The combination of traditional financial compliance entry points and native crypto performance advantages forms a diverse competitive landscape for prediction markets.

On the surface, prediction markets resemble gambling, but fundamentally they are zero-sum games. The core difference lies in whether they generate positive externalities: by aggregating dispersed information through real-money trading to publicly price real-world events, forming valuable signals. The trend is shifting from mere betting to a “Global Truth Layer”—with institutions like CME and Bloomberg participating, event probabilities are becoming decision-making metadata that can be directly queried by financial and corporate systems, providing more timely and quantifiable market-based truths.

Globally, prediction market regulation is highly fragmented. The US is the only major economy explicitly regulating prediction markets as financial derivatives. Europe, the UK, Australia, Singapore tend to view them as gambling and tighten regulation. China and India prohibit them outright. Future global expansion depends heavily on each country’s regulatory framework.

2. Architecture Design of Prediction Market Agents

Currently, Prediction Market Agents are in early practice stages. Their value isn’t about “more accurate AI predictions,” but about amplifying information processing and execution efficiency within prediction markets. Prediction markets are fundamentally information aggregation mechanisms, with prices reflecting collective probability judgments. Market inefficiencies mainly stem from information asymmetry, liquidity, and attention constraints. The ideal role of prediction market agents is Executable Probabilistic Portfolio Management: converting news, rule texts, and on-chain data into verifiable pricing deviations, executing strategies faster, more disciplined, and at lower costs, capturing structural opportunities through cross-platform arbitrage and portfolio risk management.
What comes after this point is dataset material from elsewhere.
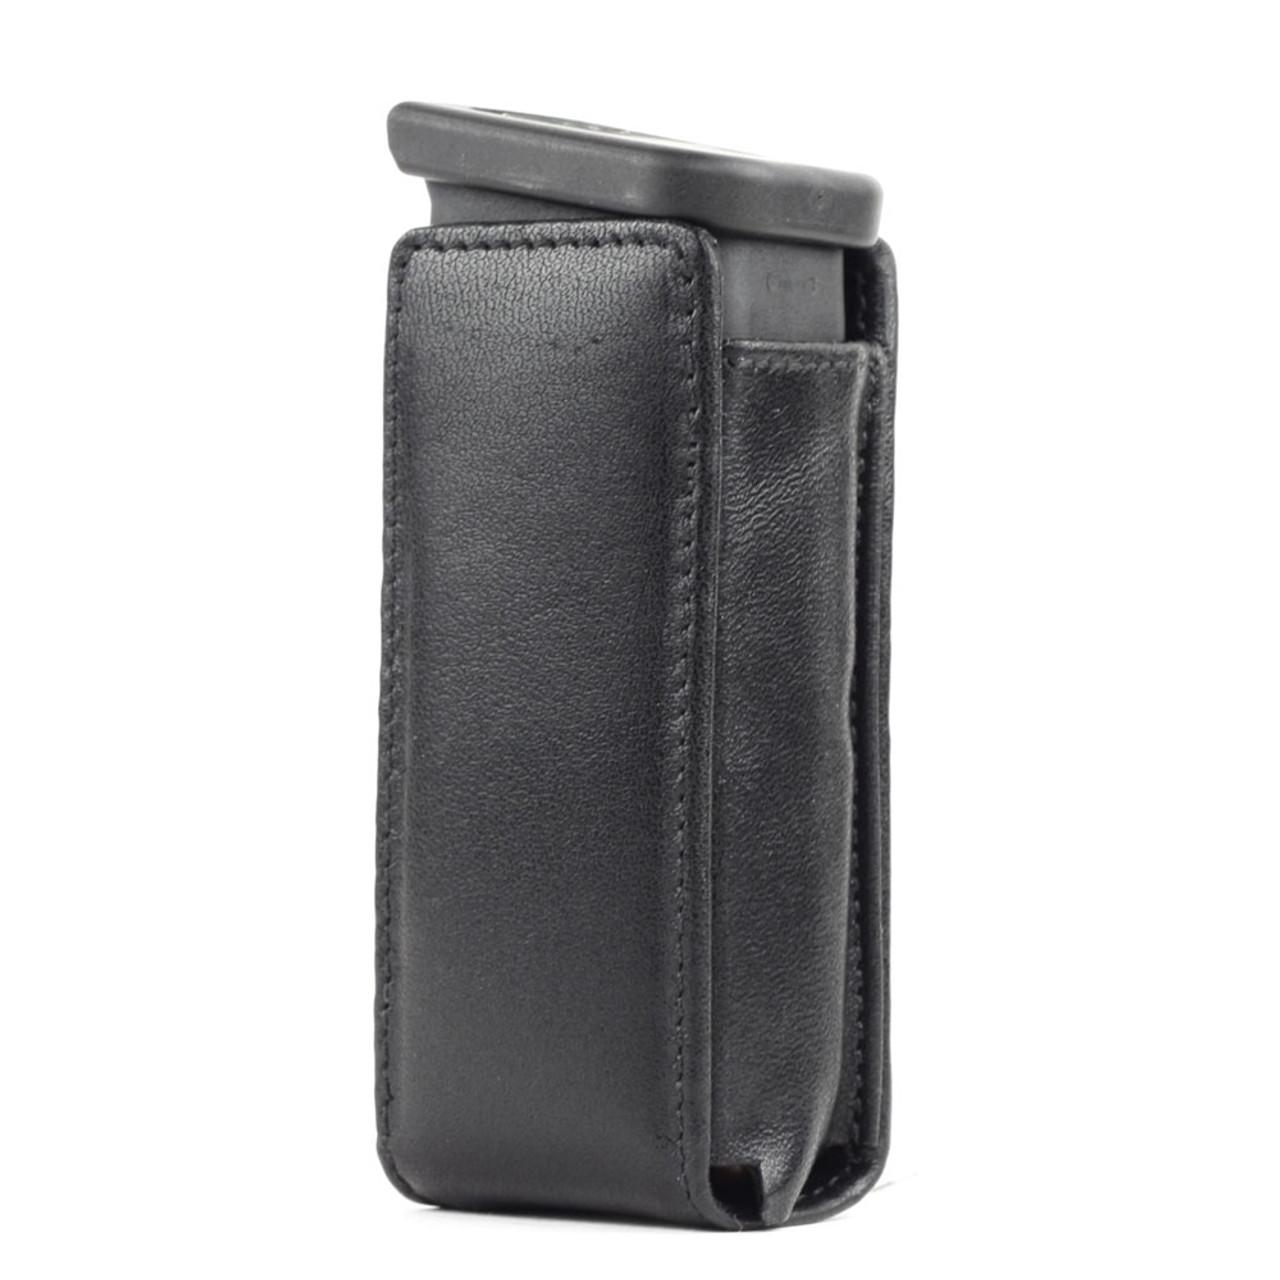 CZ 75 P07 Magazine Pocket Protector

An ideal prediction market agent can be abstracted into four layers:

  • Information Layer: aggregating news, social data, on-chain and official data;
  • Analysis Layer: using LLMs and ML to identify mispricings and compute edges;
  • Strategy Layer: translating edges into positions via Kelly, batch sizing, and risk controls;
  • Execution Layer: completing multi-market orders, slippage and gas optimization, and arbitrage execution, forming an efficient automated closed loop.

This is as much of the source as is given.